It would not have been right for God to let the body of the Son to rot in a tomb after this sacrifice. The world had to know that He’d won. The world had to know what that death was all about. The world had to know about the hope that is stronger than death. And the world had to know that in Jesus there is life.

We owed a debt we could not pay; He paid a debt He did not owe. That was the cross. But by His resurrection, He secured something more than “debt paid” for us. He rose up from the dead, marched into the throne room of the Eternal Father, and said, “Look, Father, here are the ones I died for. They shall be the people of God for all eternity. And they shall know joy.”

We naturally associate Easter and joy. It’s the joy of “all things new.” In our lives, this joy often takes years to unfold. Let me tell you a story—a real person’s story about how Jesus changes lives. It’s written by a young woman named Aimee Colbert, and it was posted on a website called testimonyshare.com last December.

My life was never expected or wanted. I grew up in the worst part of the ghetto, raised by grandma with more siblings that hope. I had always been a very depressed child being abused sexually by multiple family members and very poor.

As a teen I was suicidal. I was very rebellious, smoking, drinking, being promiscuous and

running away. Until, I had decided to give my life to Christ at seventeen years old. I had always been raised in church but never really understood or cared. But when I was at my lowest and knew that I was in trouble. I realized that there was only one name to call on, [the name of] Jesus.

I found out that I was pregnant with my first child the next day and my life began a downward spiral in the natural. But in the spirit I was getting stronger and wiser. I had two children by the age of nineteen, with no education and an abusive husband. Everything was going wrong but on the inside of me God was doing a good work.

To make a long story short I am now re-married to a wonderful man of God. I got my education and I am a youth minister studying Biblical counseling. My husband and I are dedicated evangelists. I just want to say that it took me so long to see the results of my faith and I had to sow many seeds of tears.

But when you give your life to God and make him the Lord of your life, do not be deceived, your life will be turned upside down. Things did not get better in my life when I did. It seemed to get worst! But be encouraged, after a long suffering, if you truly love God and endure, you will reap a mighty harvest. Praise the Lord! God is faithful. Amen. When I felt most alone and weary God lifted me up out of the gutter of homelessness, addiction and abuse.

Thanks to the love, wisdom, and faithfulness of God, I am not just a statistic of society. My life is a shining testimony of strength and not death. I am achieving my dreams with God intended favor. The Lord has blessed me to never face a day alone.[1]

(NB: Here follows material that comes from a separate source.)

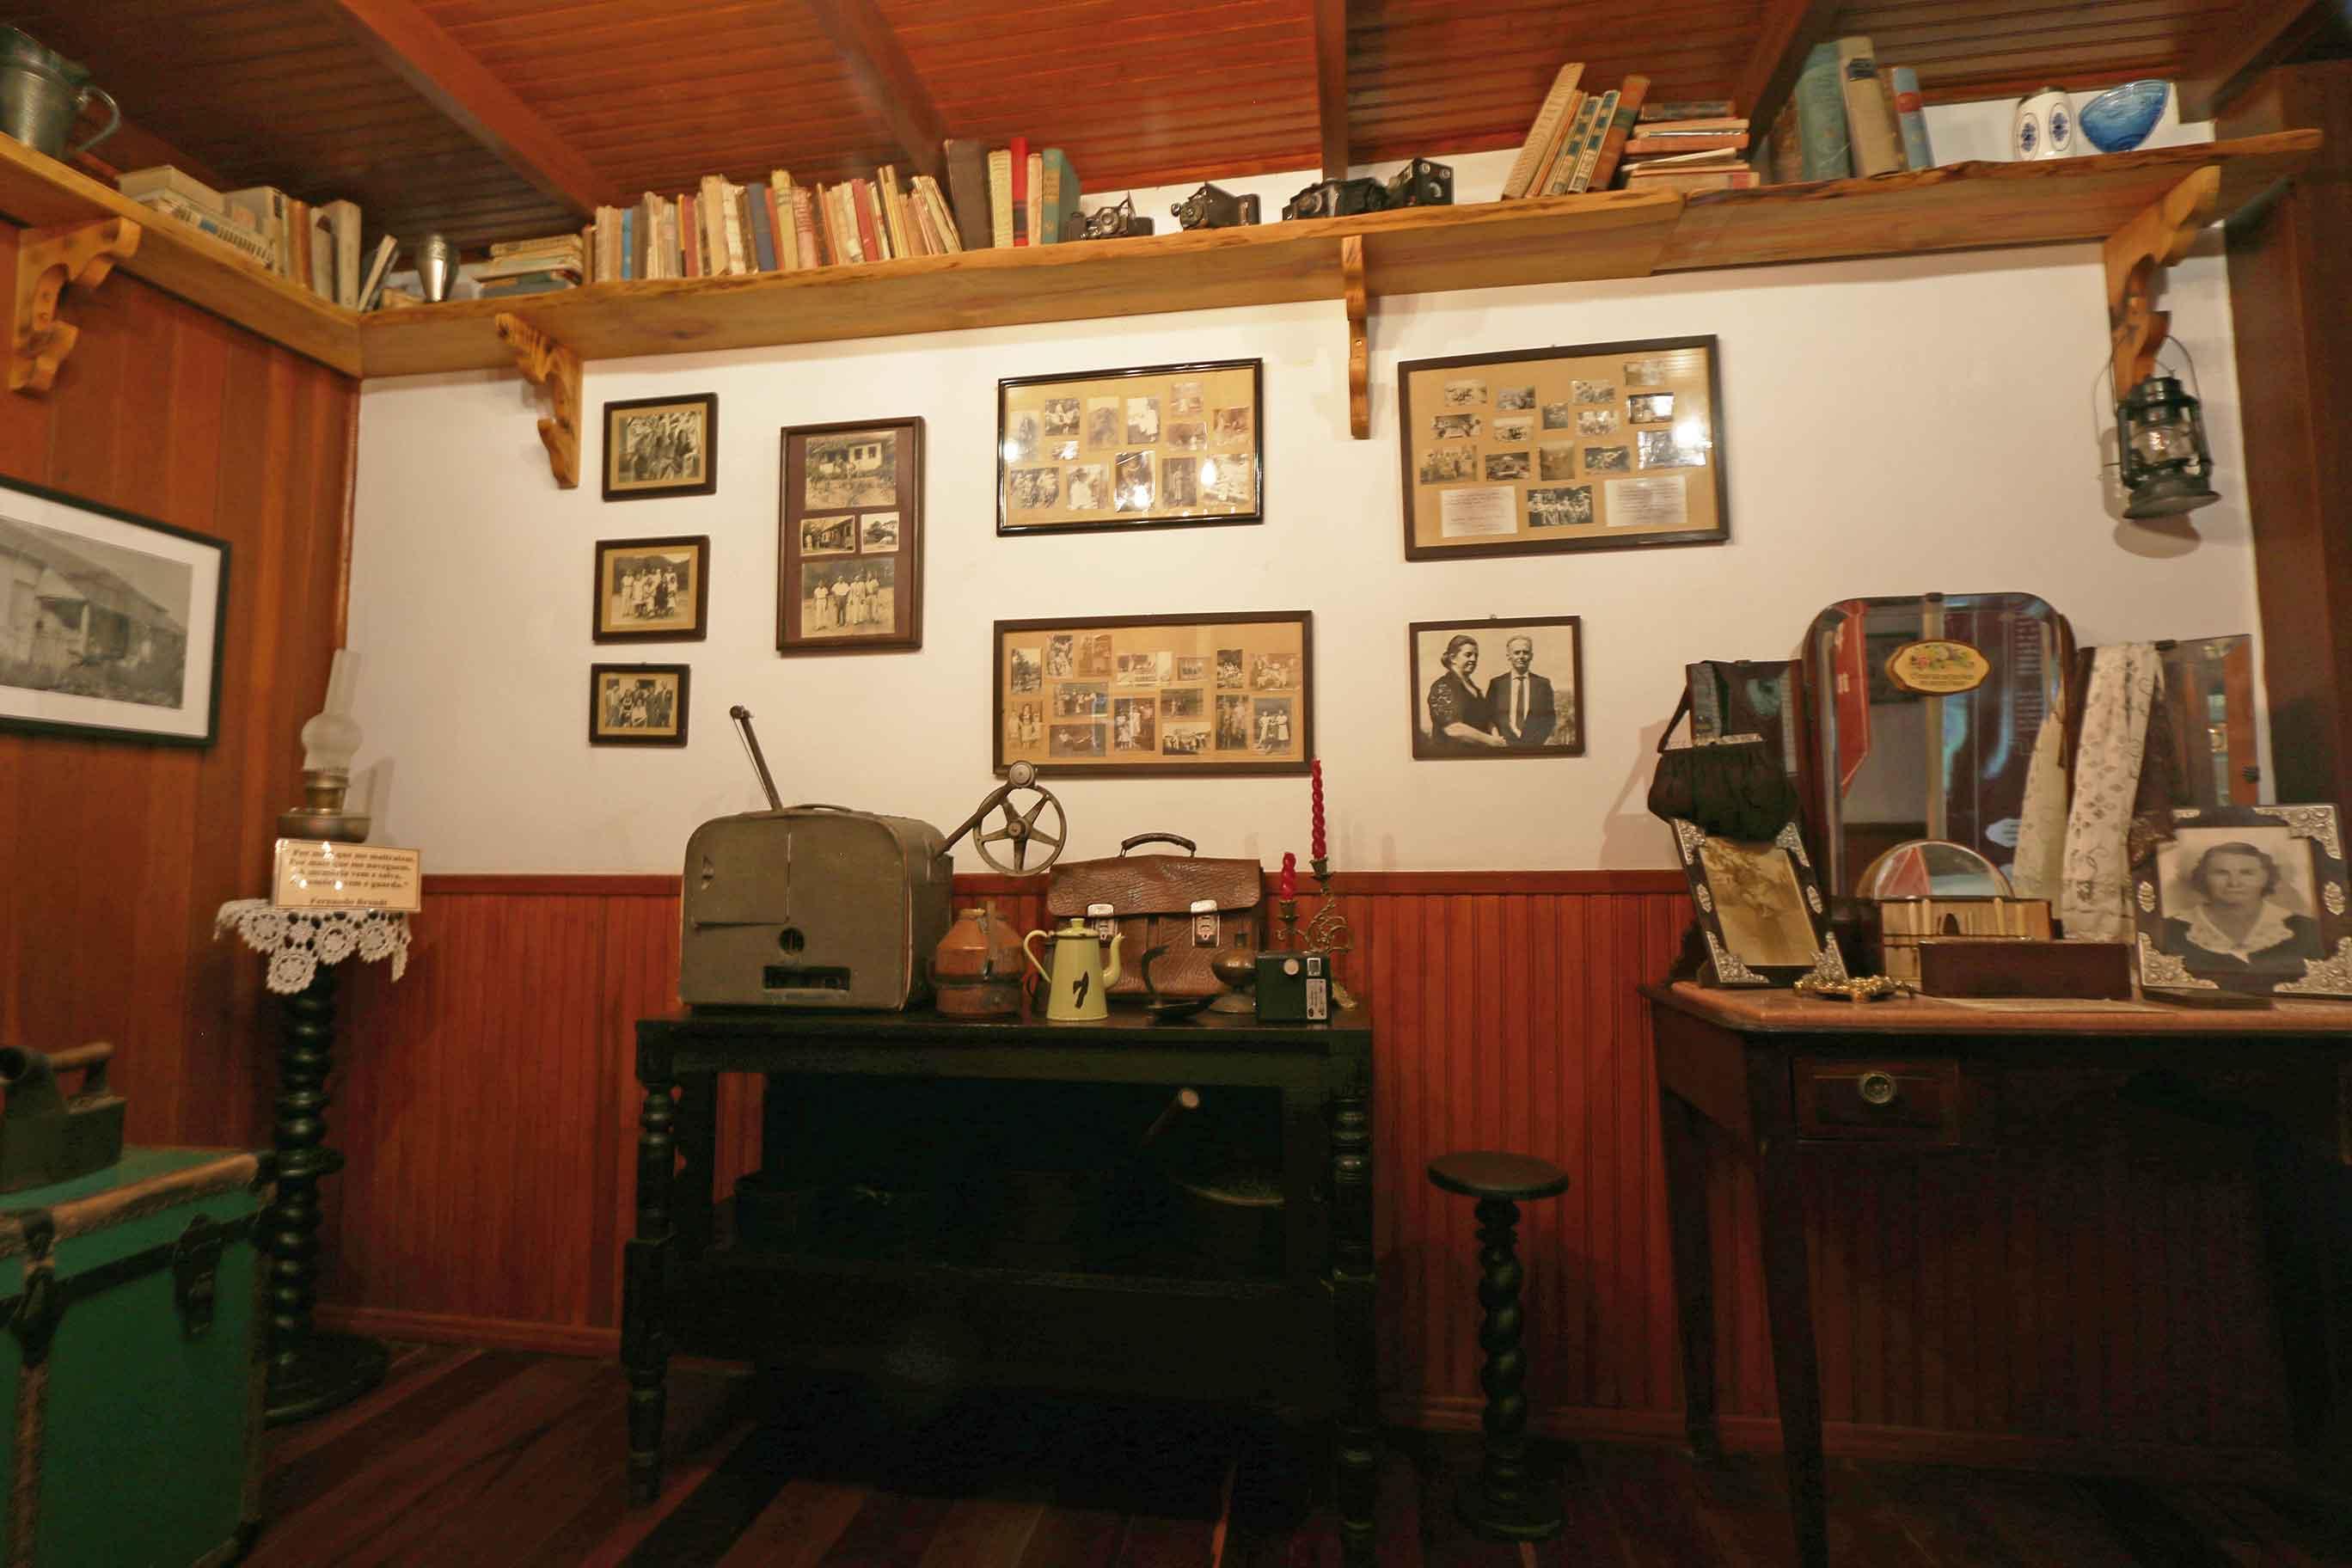 visconde-de-maua-cultura-museu-hotel-bulher-IMG_9897-bx

Aimee knows what it means to be broken, and she knows what it means to receive a new life from Jesus Christ. She knows what the cross and the empty tomb means. Coming to Christ isn’t easy and it doesn’t make life easy, but He sets you on a path where life opens up to us. When you’re right with God, you’re in a place where you can begin to make the other relationships of life right as well.

In Romans 6:8, Paul writes,

Now if we died with Christ, we believe that we will also live with Him.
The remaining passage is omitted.